To account for the expected variation in the timing of UPDRS3 outcome assessments across studies, a sensitivity analysis was planned a priori for near, short, and long-term follow-up data. Follow-up periods were categorized as near-term (<4 months), short-term (4–12 months), and long-term (>12 months) based on when post-intervention outcome data were collected. If multiple outcome time points were available within a follow-up category, the time point closest to a reference mark was selected: near-term (<4 months) used the time point nearest to 4 months, short-term (4–12 months) used the point closest to 8 months (the midpoint), and long-term (>12 months) used the time point closest to 12 months. Additional pre-specified sensitivity analyses included stratifying results by whether outcomes were assessed during the ON or OFF state of L-dopa equivalent medication regardless of the duration post-intervention (using the latest available follow-up data from each study), comparing invasive versus non-invasive neuromodulation interventions, studies that used the MDS-UPDRS instead of the traditional UPDRS to measure motor symptoms, and excluding studies that fell outside the expected range in the funnel plot for publication bias.
Meta-regression
Study variables related to methodology, population, and intervention were analyzed to explore potential sources of effect size heterogeneity. Meta-regression was performed for both continuous and categorical variables.

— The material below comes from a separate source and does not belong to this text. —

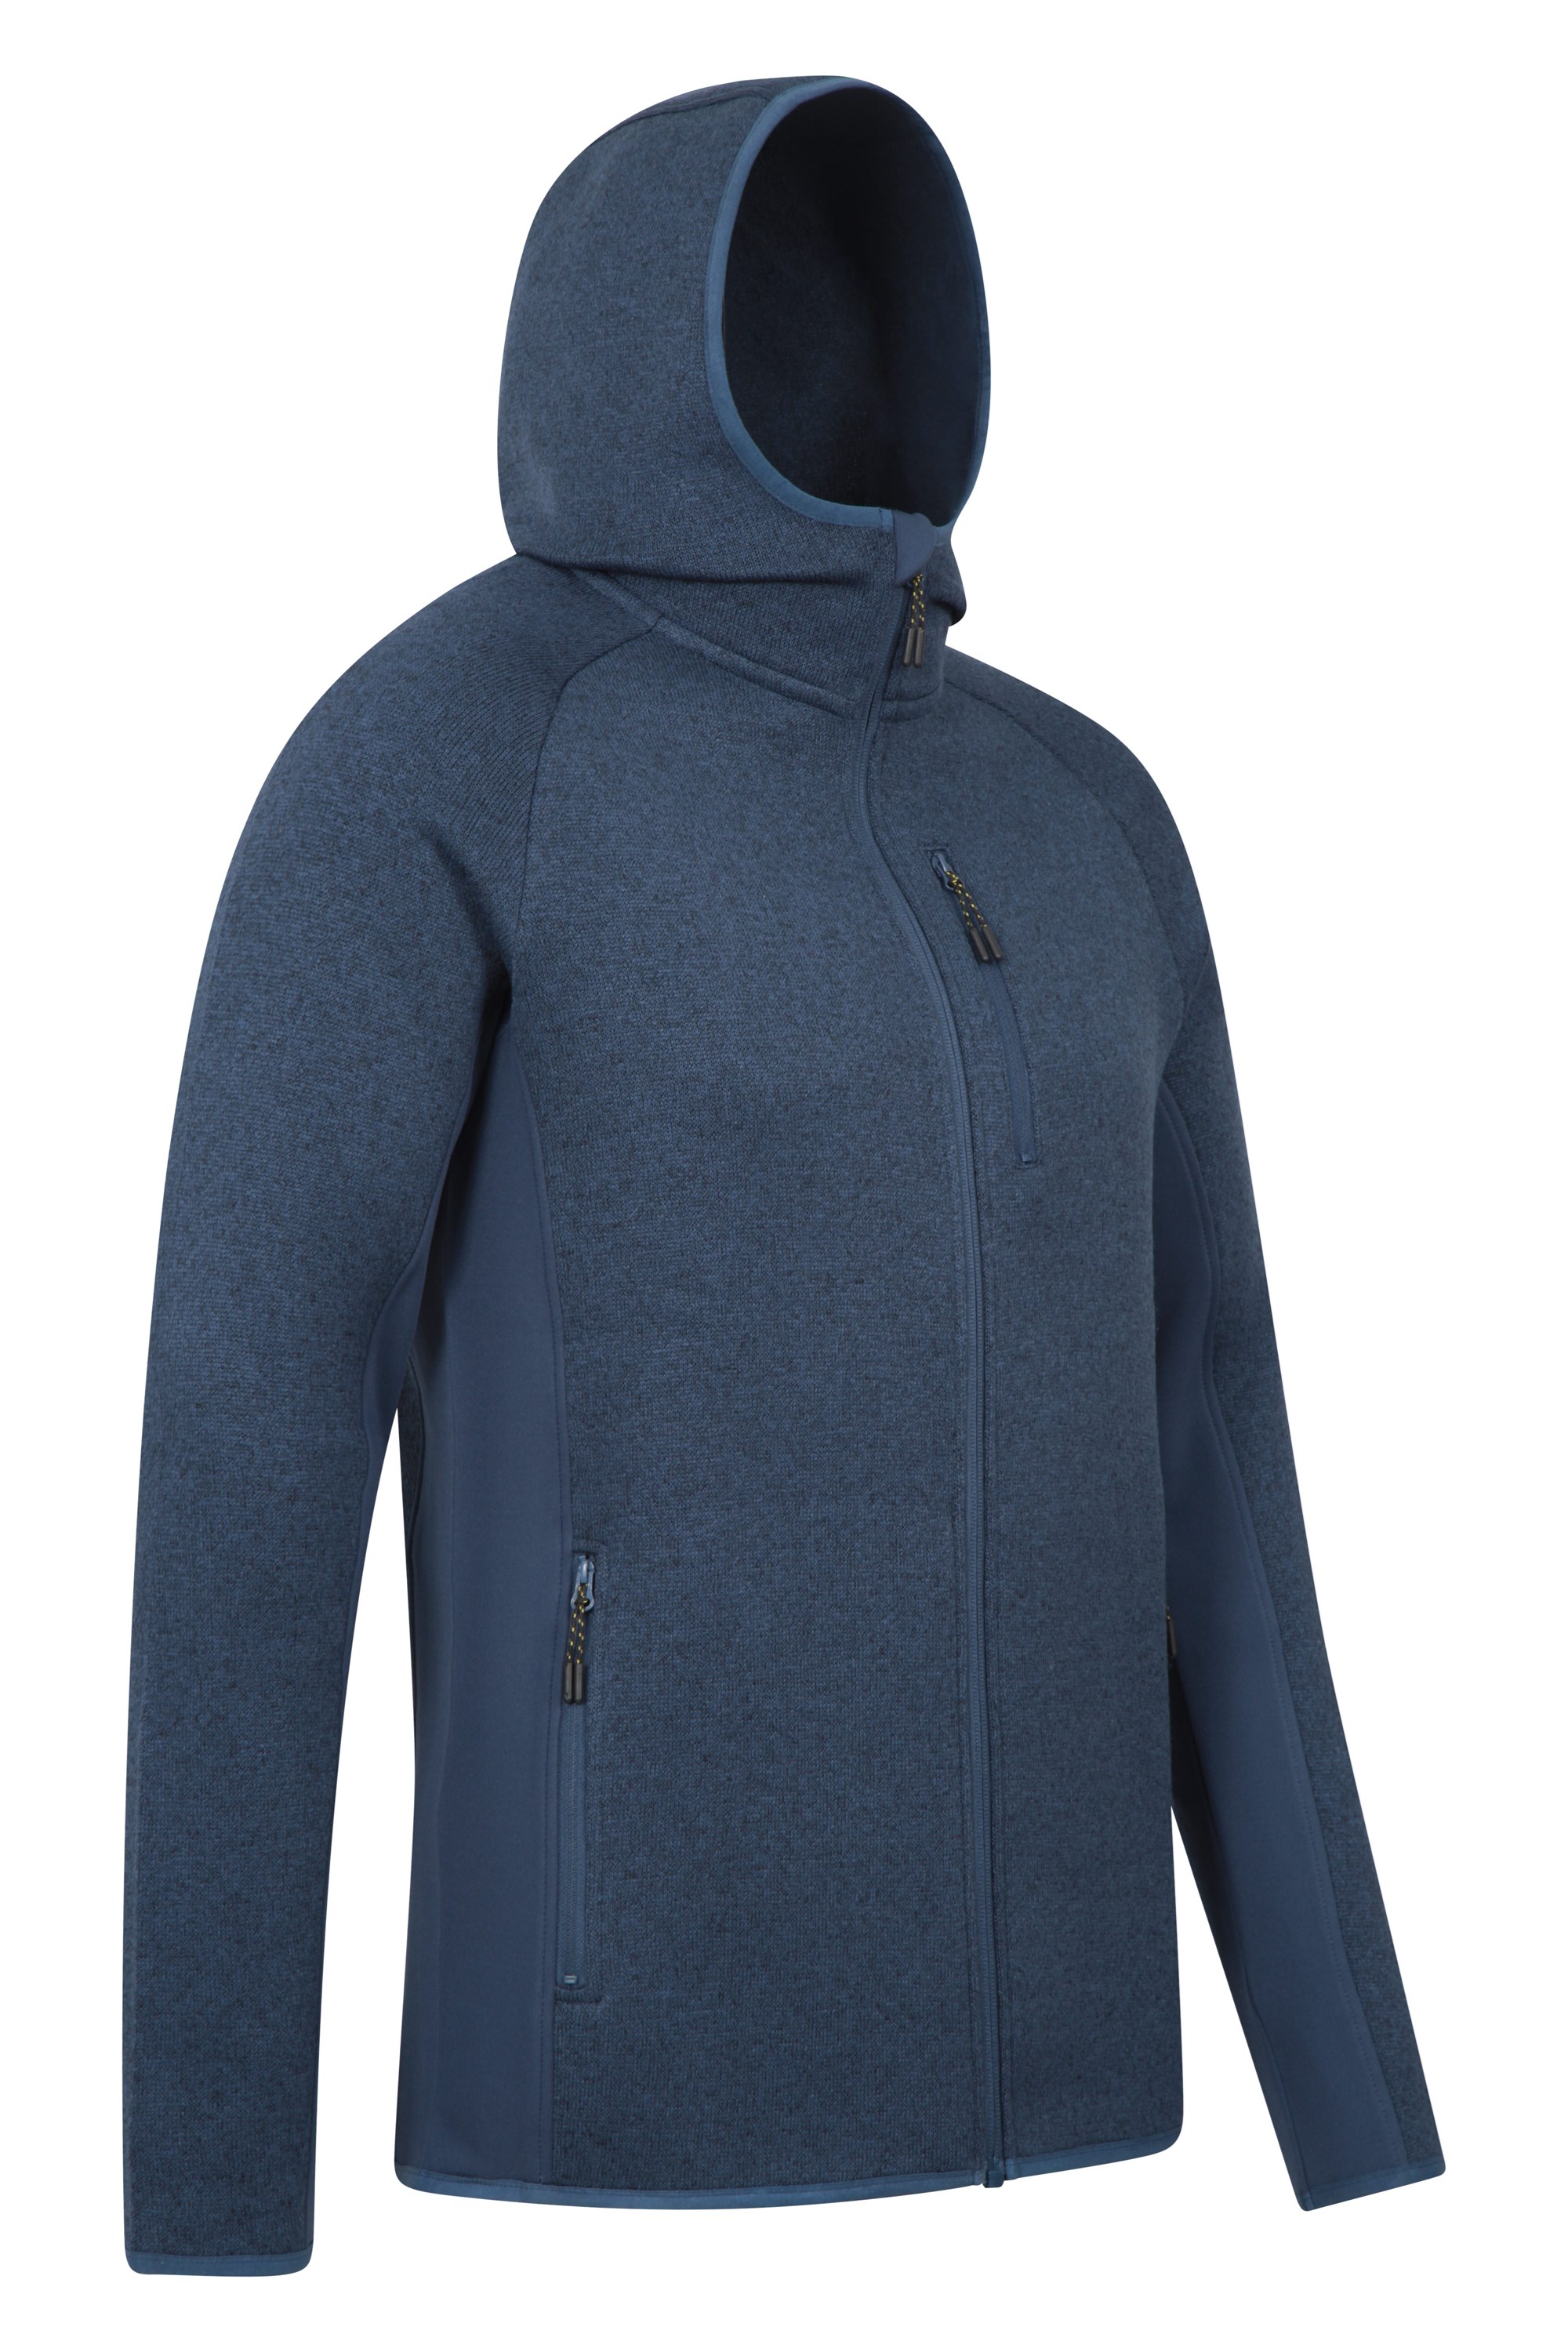 Mountain Warehouse Treston Mens Full-Zip Fleece Jacket Black X-Small

To minimize type I error associated with multiple testing (31), variable selection followed a structured model-building process (32). Univariate meta-regressions were first performed to identify potential covariates, using a p-value threshold of <0.20 (32) to retain variables for further analysis. This step reduced the number of variables considered in multivariate modeling. Significant variables were then included in an initial multivariate model, and a backward elimination approach was applied by sequentially removing the least significant variables until only predictors with p-values <0.05 remained.
For all meta-regression models, linearity was evaluated through scatterplot inspection with a superimposed regression line. Homoscedasticity was assessed by plotting standardized predicted values against standardized residuals (33). Residual normality was tested using the Shapiro–Wilk test (34). Given the exploratory nature of the analysis, no adjustment for multiple testing was applied. All tests were two-tailed with a significance level set at p < 0.05, and analyses were conducted using Stata V17 BE (StataCorp, College Station, TX).
Results
A total of 1,017 articles were initially identified through the primary search strategy, with one additional study found via snowballing. Following the removal of duplicates, 883 articles proceeded to the initial screening stage. After completing all screening phases, 47 studies met the inclusion criteria. The selection process is illustrated in the CONSORT diagram (Figure 1).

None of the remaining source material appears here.